Removing blocker for 4.12 while finalizing investigation.
Thanks for the update Travis. PowerVS clusters comes with multipath. are you saying Multipath is not supported?
(In reply to narayanspg from comment #22) > Thanks for the update Travis. PowerVS clusters comes with multipath. are you > saying Multipath is not supported? LSO will need to be configured to create local PVs such that multiple PVs are not created pointing to the same device. In the node I was looking at, sda and sdc were both pointing to the same disk, so the OSDs were conflicting. We will need to find filters for LSO to create the correct PVs.

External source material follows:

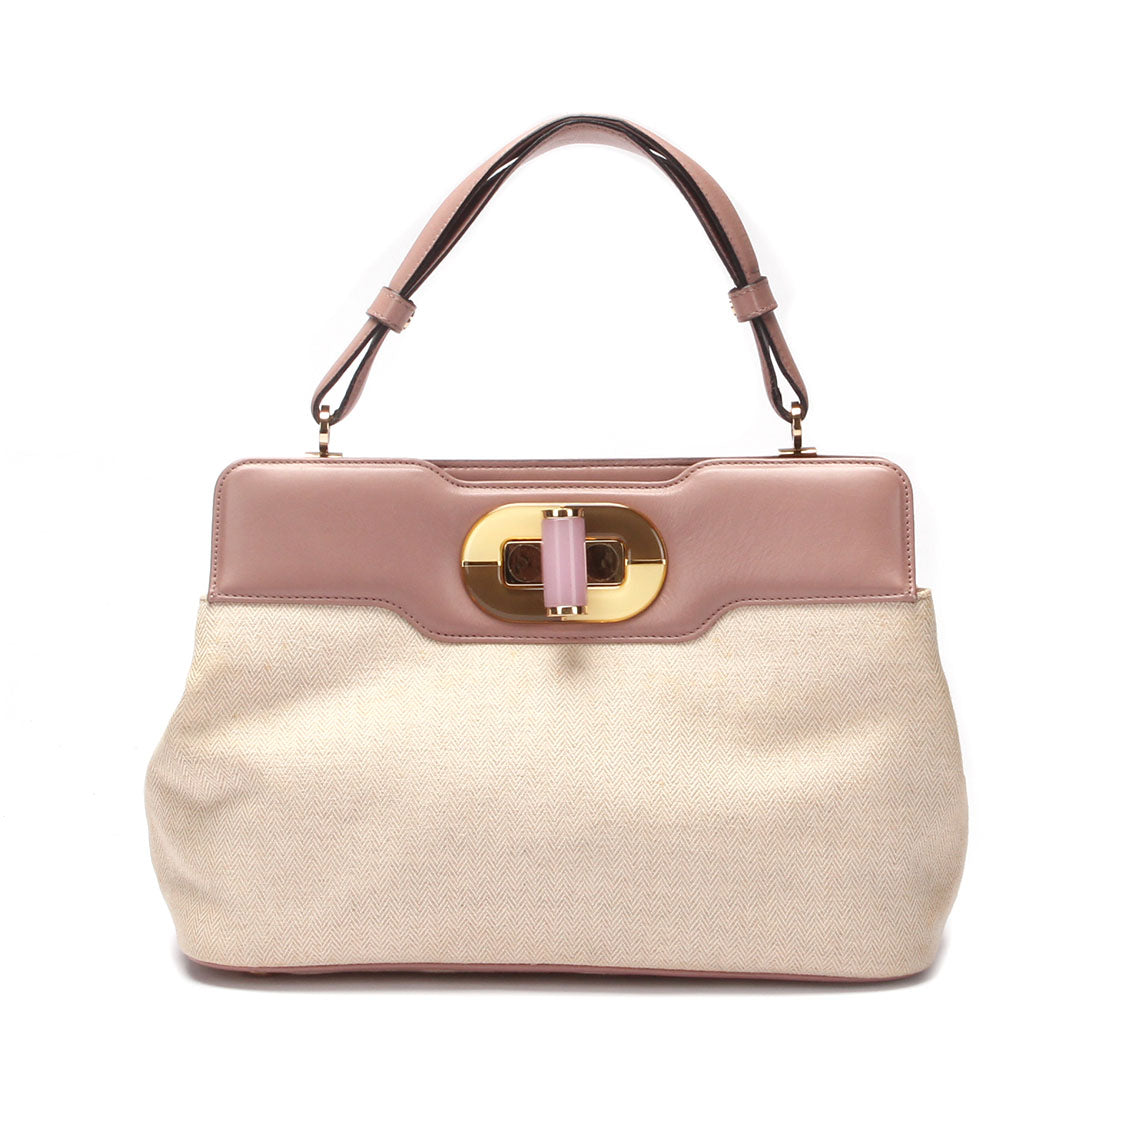 Bvlgari Canvas & Leather Isabella Rossellini Bag Canvas Handbag in Fair condition
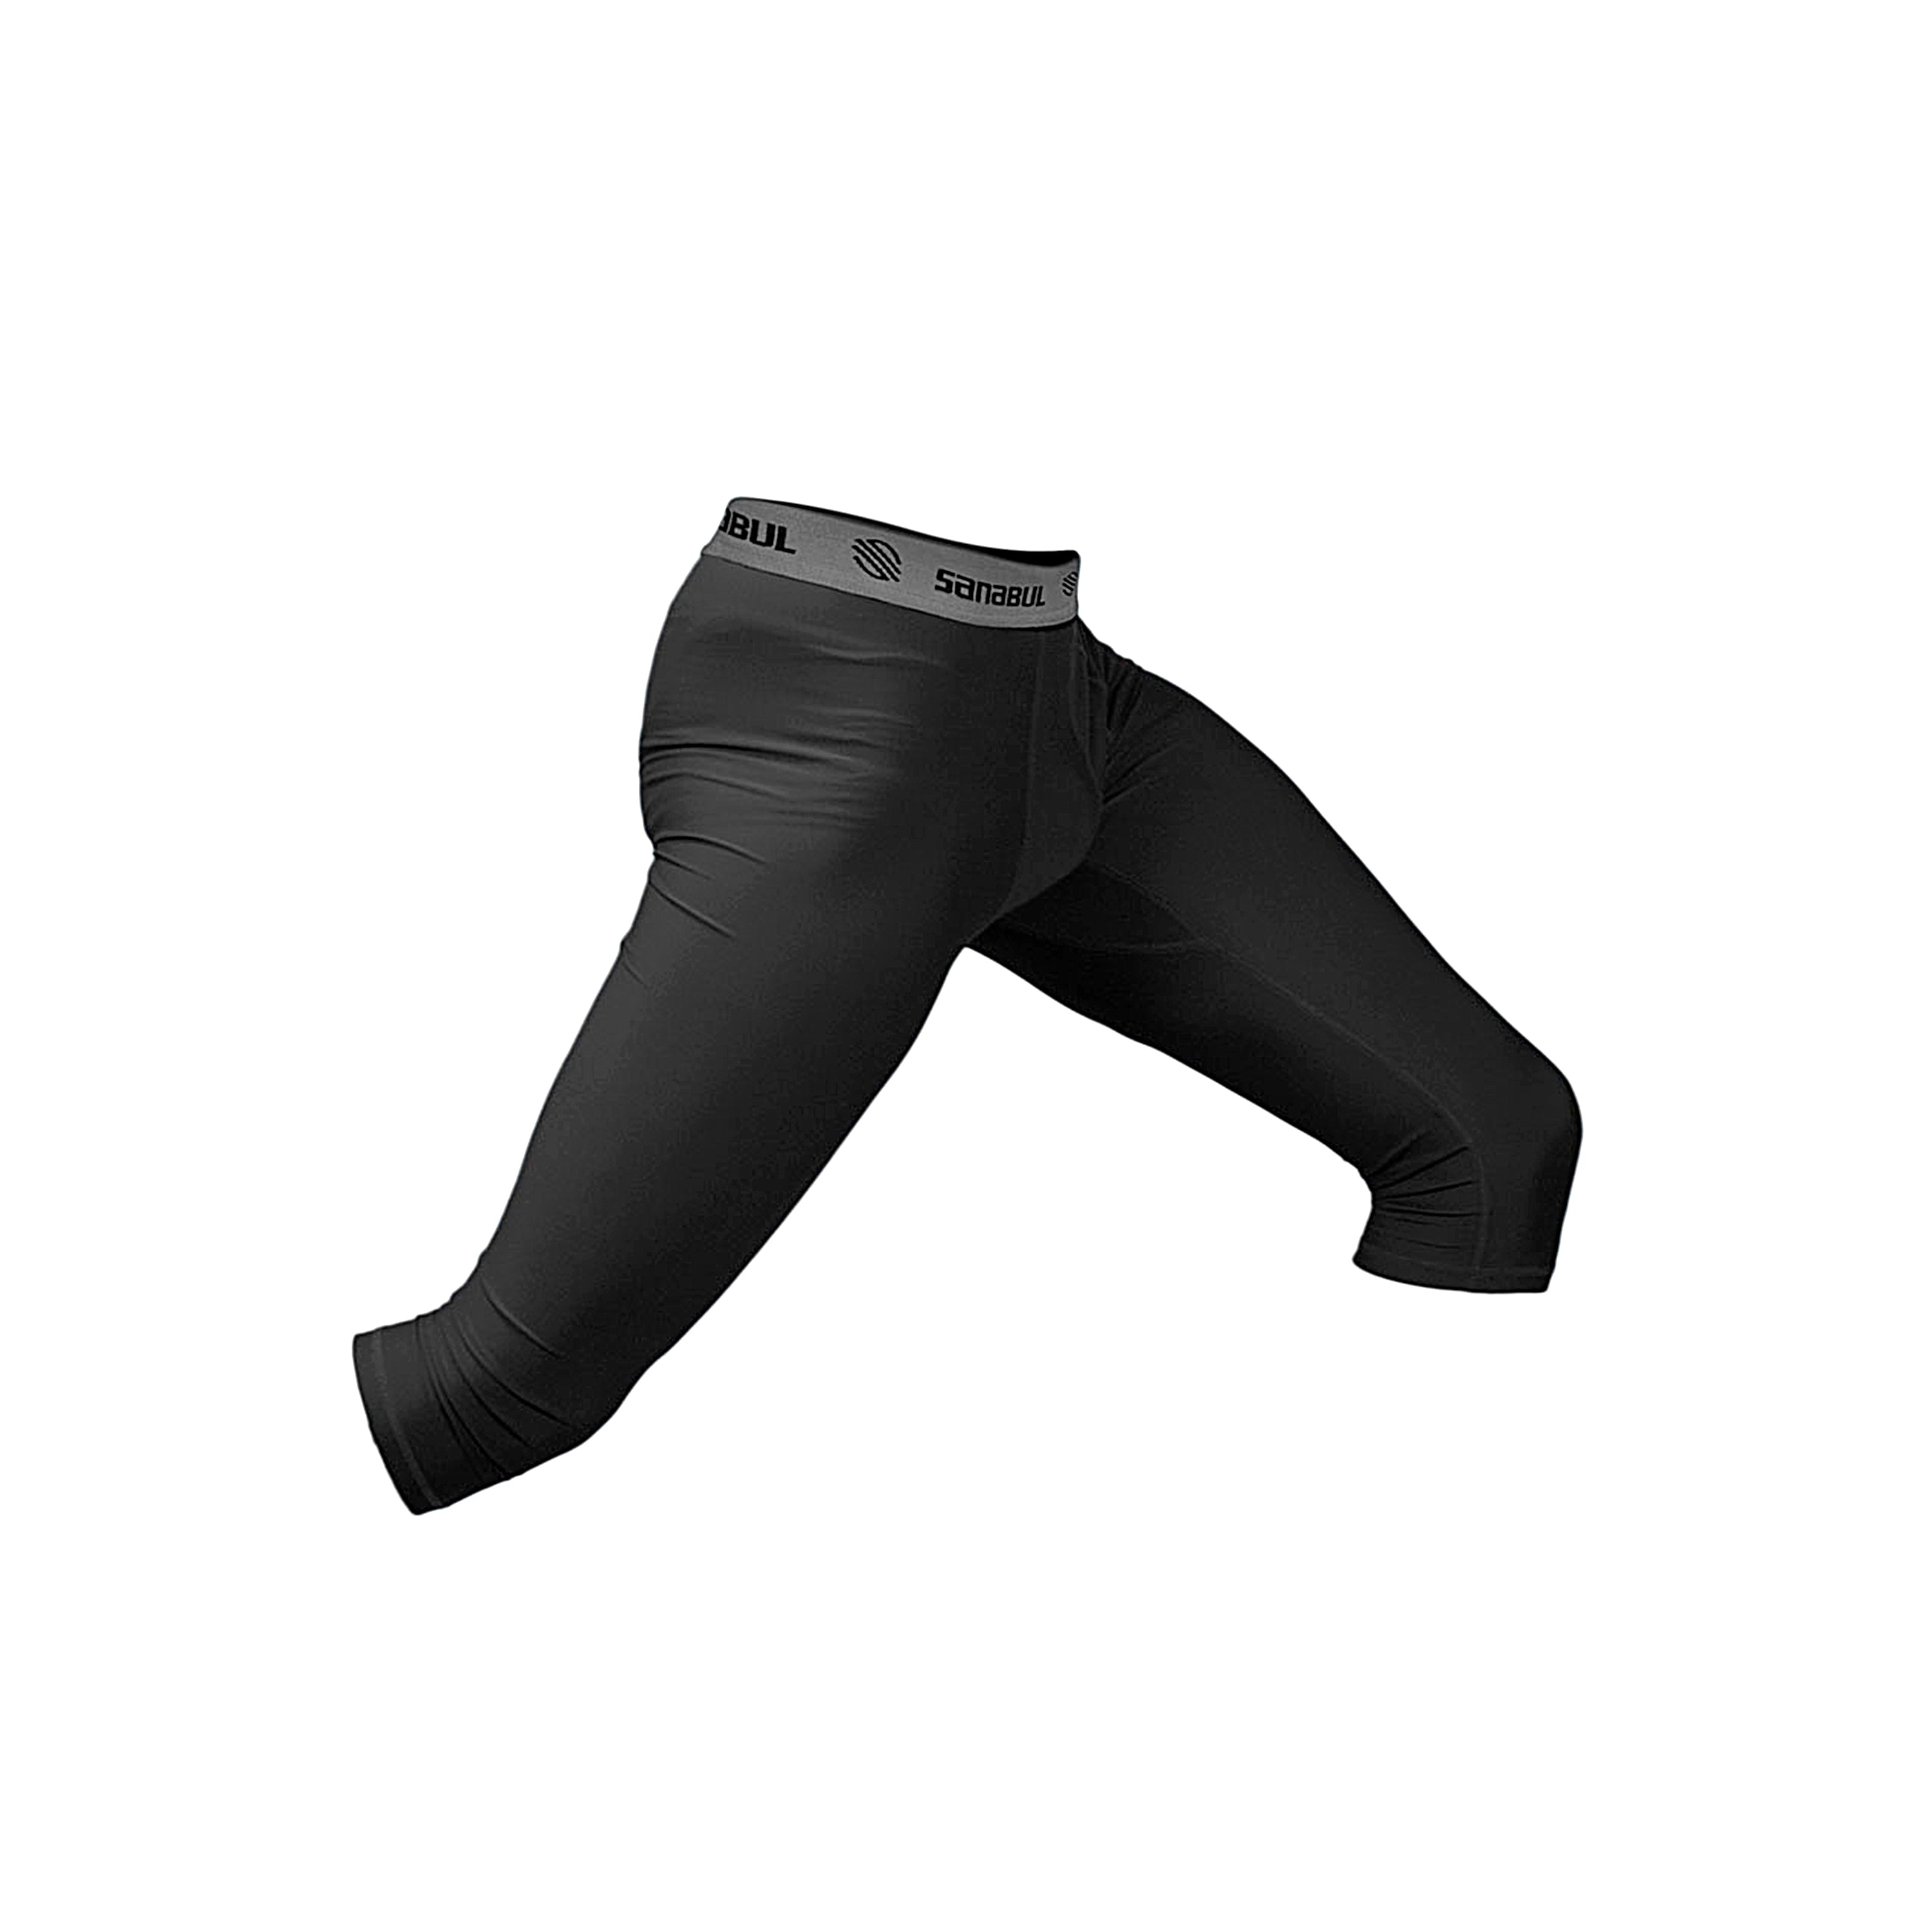 TSLA Men's 3/4 Compression Pants, Running Workout Tights, Cool Dry Capri  Athletic Leggings, Yoga Gym Base Layer

Malay and I tested localvolume instead of localvolumeset with disk/by-id mentioning in the yaml for each worernode as below. apiVersion: local.storage.openshift.io/v1 kind: LocalVolume metadata: name: localblock namespace: openshift-local-storage spec: logLevel: Normal managementState: Managed nodeSelector: nodeSelectorTerms: - matchExpressions: - key: kubernetes.io/hostname operator: In values: - worker-0 - worker-1 - worker-2 storageClassDevices: - devicePaths: - /dev/disk/by-id/scsi-3600507681081818c2000000000008f96 - /dev/disk/by-id/scsi-3600507681081818c2000000000008f95 - /dev/disk/by-id/scsi-3600507681081818c2000000000008f97 storageClassName: localblock volumeMode: Block The OSD were in pending state after the patching to enable the cephNonResilientPools. storagecluster in progressing state.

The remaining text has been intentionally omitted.